The problem
Copy out the entries that follow, exactly as written.

■ ■ ■ ■ ■ ■ ■

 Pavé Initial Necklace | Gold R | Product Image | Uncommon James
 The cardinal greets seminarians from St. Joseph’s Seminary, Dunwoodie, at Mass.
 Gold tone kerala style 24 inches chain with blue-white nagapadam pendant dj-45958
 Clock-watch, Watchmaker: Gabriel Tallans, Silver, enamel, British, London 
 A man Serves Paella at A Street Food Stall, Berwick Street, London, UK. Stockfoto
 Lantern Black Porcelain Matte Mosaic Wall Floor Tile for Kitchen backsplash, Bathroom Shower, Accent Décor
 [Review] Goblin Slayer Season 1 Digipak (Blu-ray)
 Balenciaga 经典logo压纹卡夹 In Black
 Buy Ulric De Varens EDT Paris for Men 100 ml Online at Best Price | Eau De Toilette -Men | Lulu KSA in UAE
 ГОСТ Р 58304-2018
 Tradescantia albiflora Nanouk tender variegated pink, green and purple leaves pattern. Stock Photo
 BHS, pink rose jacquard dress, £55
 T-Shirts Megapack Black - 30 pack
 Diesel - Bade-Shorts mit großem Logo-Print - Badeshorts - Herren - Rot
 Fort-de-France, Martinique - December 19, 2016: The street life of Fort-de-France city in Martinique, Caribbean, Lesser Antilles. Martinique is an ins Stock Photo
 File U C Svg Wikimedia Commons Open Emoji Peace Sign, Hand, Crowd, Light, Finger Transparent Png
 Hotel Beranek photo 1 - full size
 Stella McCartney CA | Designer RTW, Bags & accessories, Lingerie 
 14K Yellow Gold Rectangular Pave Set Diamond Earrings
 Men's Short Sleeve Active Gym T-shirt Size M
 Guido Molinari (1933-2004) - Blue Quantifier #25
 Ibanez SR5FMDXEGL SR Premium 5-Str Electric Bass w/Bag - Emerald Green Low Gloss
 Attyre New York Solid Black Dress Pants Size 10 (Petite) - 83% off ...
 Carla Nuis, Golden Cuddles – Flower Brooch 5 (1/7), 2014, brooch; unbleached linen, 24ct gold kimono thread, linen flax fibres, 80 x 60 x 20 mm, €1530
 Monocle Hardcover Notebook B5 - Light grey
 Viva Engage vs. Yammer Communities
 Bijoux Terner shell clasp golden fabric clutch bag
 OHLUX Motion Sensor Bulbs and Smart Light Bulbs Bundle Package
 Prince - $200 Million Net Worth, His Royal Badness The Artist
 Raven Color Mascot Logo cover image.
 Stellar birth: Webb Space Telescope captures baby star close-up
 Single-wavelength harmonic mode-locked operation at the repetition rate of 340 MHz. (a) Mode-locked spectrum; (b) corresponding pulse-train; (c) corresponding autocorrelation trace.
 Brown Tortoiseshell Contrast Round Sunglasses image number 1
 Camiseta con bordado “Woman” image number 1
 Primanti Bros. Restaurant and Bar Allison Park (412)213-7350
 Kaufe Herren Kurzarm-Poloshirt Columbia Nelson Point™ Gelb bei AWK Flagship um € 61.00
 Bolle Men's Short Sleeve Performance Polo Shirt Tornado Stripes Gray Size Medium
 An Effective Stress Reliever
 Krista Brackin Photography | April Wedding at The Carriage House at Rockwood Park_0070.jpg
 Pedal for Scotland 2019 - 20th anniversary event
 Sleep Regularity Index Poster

■ ■ ■ ■ ■ ■ ■

Solution for this task
 Pavé Initial Necklace | Gold R | Product Image | Uncommon James
 The cardinal greets seminarians from St. Joseph’s Seminary, Dunwoodie, at Mass.
 Gold tone kerala style 24 inches chain with blue-white nagapadam pendant dj-45958
 Clock-watch, Watchmaker: Gabriel Tallans, Silver, enamel, British, London 
 A man Serves Paella at A Street Food Stall, Berwick Street, London, UK. Stockfoto
 Lantern Black Porcelain Matte Mosaic Wall Floor Tile for Kitchen backsplash, Bathroom Shower, Accent Décor
 [Review] Goblin Slayer Season 1 Digipak (Blu-ray)
 Balenciaga 经典logo压纹卡夹 In Black
 Buy Ulric De Varens EDT Paris for Men 100 ml Online at Best Price | Eau De Toilette -Men | Lulu KSA in UAE
 ГОСТ Р 58304-2018
 Tradescantia albiflora Nanouk tender variegated pink, green and purple leaves pattern. Stock Photo
 BHS, pink rose jacquard dress, £55
 T-Shirts Megapack Black - 30 pack
 Diesel - Bade-Shorts mit großem Logo-Print - Badeshorts - Herren - Rot
 Fort-de-France, Martinique - December 19, 2016: The street life of Fort-de-France city in Martinique, Caribbean, Lesser Antilles. Martinique is an ins Stock Photo
 File U C Svg Wikimedia Commons Open Emoji Peace Sign, Hand, Crowd, Light, Finger Transparent Png
 Hotel Beranek photo 1 - full size
 Stella McCartney CA | Designer RTW, Bags & accessories, Lingerie 
 14K Yellow Gold Rectangular Pave Set Diamond Earrings
 Men's Short Sleeve Active Gym T-shirt Size M
 Guido Molinari (1933-2004) - Blue Quantifier #25
 Ibanez SR5FMDXEGL SR Premium 5-Str Electric Bass w/Bag - Emerald Green Low Gloss
 Attyre New York Solid Black Dress Pants Size 10 (Petite) - 83% off ...
 Carla Nuis, Golden Cuddles – Flower Brooch 5 (1/7), 2014, brooch; unbleached linen, 24ct gold kimono thread, linen flax fibres, 80 x 60 x 20 mm, €1530
 Monocle Hardcover Notebook B5 - Light grey
 Viva Engage vs. Yammer Communities
 Bijoux Terner shell clasp golden fabric clutch bag
 OHLUX Motion Sensor Bulbs and Smart Light Bulbs Bundle Package
 Prince - $200 Million Net Worth, His Royal Badness The Artist
 Raven Color Mascot Logo cover image.
 Stellar birth: Webb Space Telescope captures baby star close-up
 Single-wavelength harmonic mode-locked operation at the repetition rate of 340 MHz. (a) Mode-locked spectrum; (b) corresponding pulse-train; (c) corresponding autocorrelation trace.
 Brown Tortoiseshell Contrast Round Sunglasses image number 1
 Camiseta con bordado “Woman” image number 1
 Primanti Bros. Restaurant and Bar Allison Park (412)213-7350
 Kaufe Herren Kurzarm-Poloshirt Columbia Nelson Point™ Gelb bei AWK Flagship um € 61.00
 Bolle Men's Short Sleeve Performance Polo Shirt Tornado Stripes Gray Size Medium
 An Effective Stress Reliever
 Krista Brackin Photography | April Wedding at The Carriage House at Rockwood Park_0070.jpg
 Pedal for Scotland 2019 - 20th anniversary event
 Sleep Regularity Index Poster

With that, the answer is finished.